第3章 受胎
「妊娠してるよ、夏油」
世界が止まったような気がした。
意識は宇宙の彼方よりももっと遠くの方へ飛んで行った気がする。
あの後、吐けるものは全部吐いた私を五条悟はお姫様抱っこで医務室へと連れてきた。
体調不良を訴え診察を終えた私に、家入硝子は淡々とそう告げた。
妊、娠……。
にんしん……。
言葉の意味は分かる。
分かるけど、わからない。
なんで、妊娠してんだ、誰の子供だよ。
気持ち悪い。
「妊娠と言っても、お前が宿してるのは呪霊だよ」
「え……?」
今は家入硝子と二人きりだ。
五条悟をこの場に残さなかったのは、検査結果を私だけに伝える為だったのだろう。
家入硝子は一枚の写真を渡してきた。
それはいわゆるエコー写真というもの。
白黒のエコー写真には、はっきりと不気味な黒い塊が映り込んでいた。
一気に視界が霞んだ。
「これが……胎児?」
「そう。人間とは到底思えないだろう」
家入硝子の言う通り、人間の赤ちゃんとは思えないおぞましい形をした影があって、口に手を当ててしまった。

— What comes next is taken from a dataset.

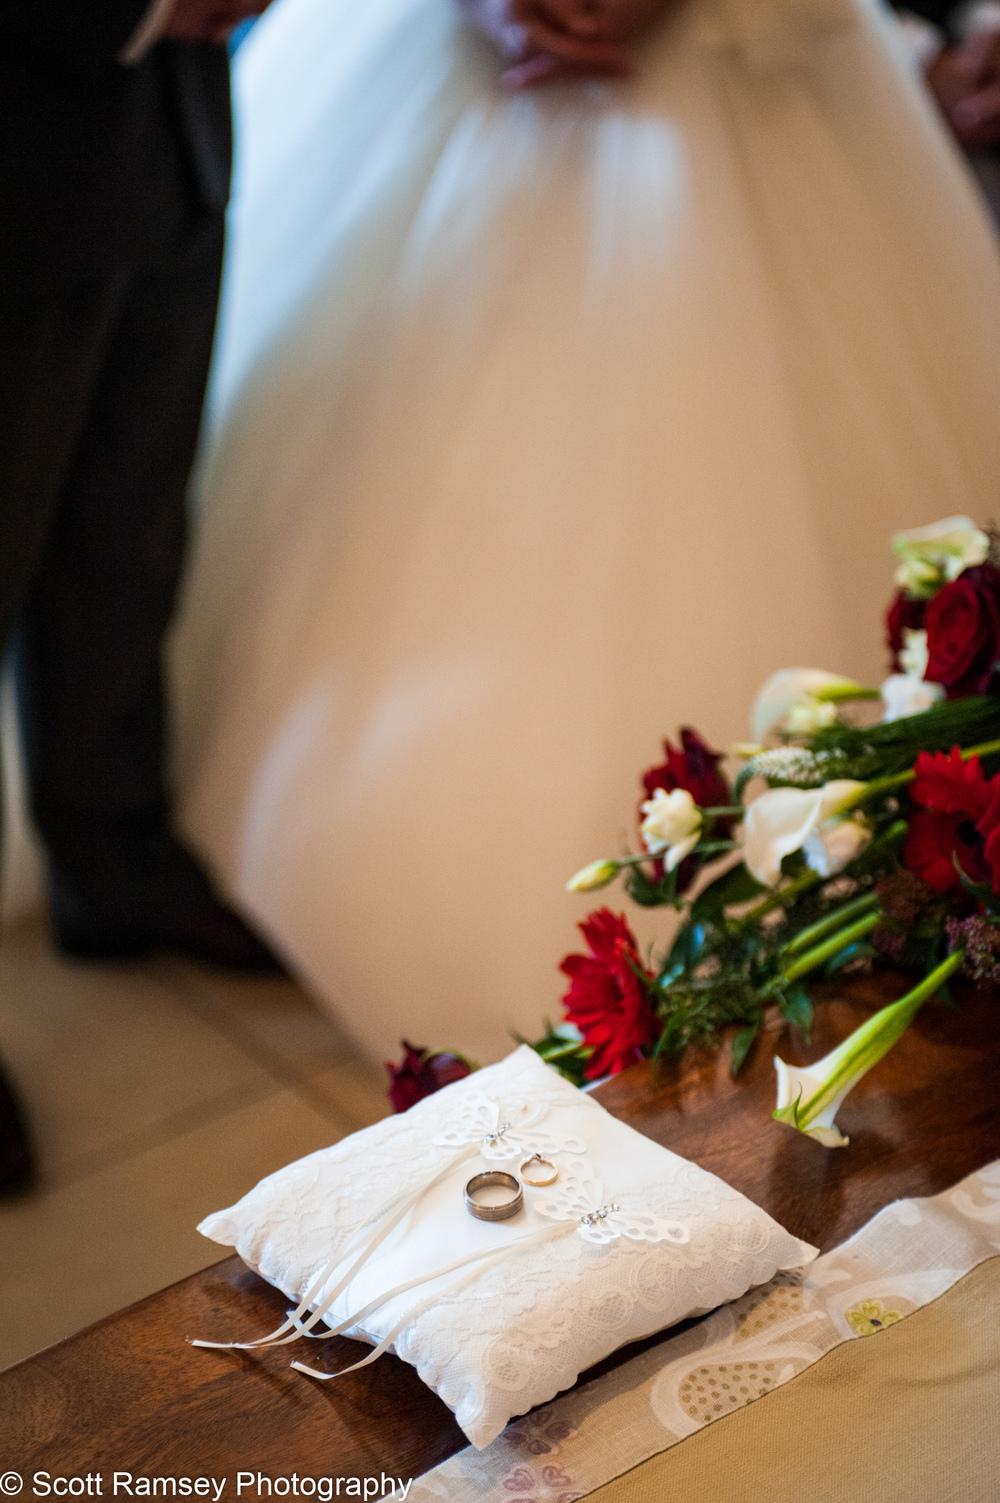 Upwaltham Barns Wedding Rings 15121216

こんなものが私の胎内にいるなんて思うと、散々吐いたと言うのに吐き気がこみあげてくる。
「呪霊を孕むケースはあるにはある。産んでしまえば大体は祓う事ができるし」
「………産む?私が、こいつを……?」
「そうだ。そうでなければお前事祓う事になる」
絶望としか言いようがなかった。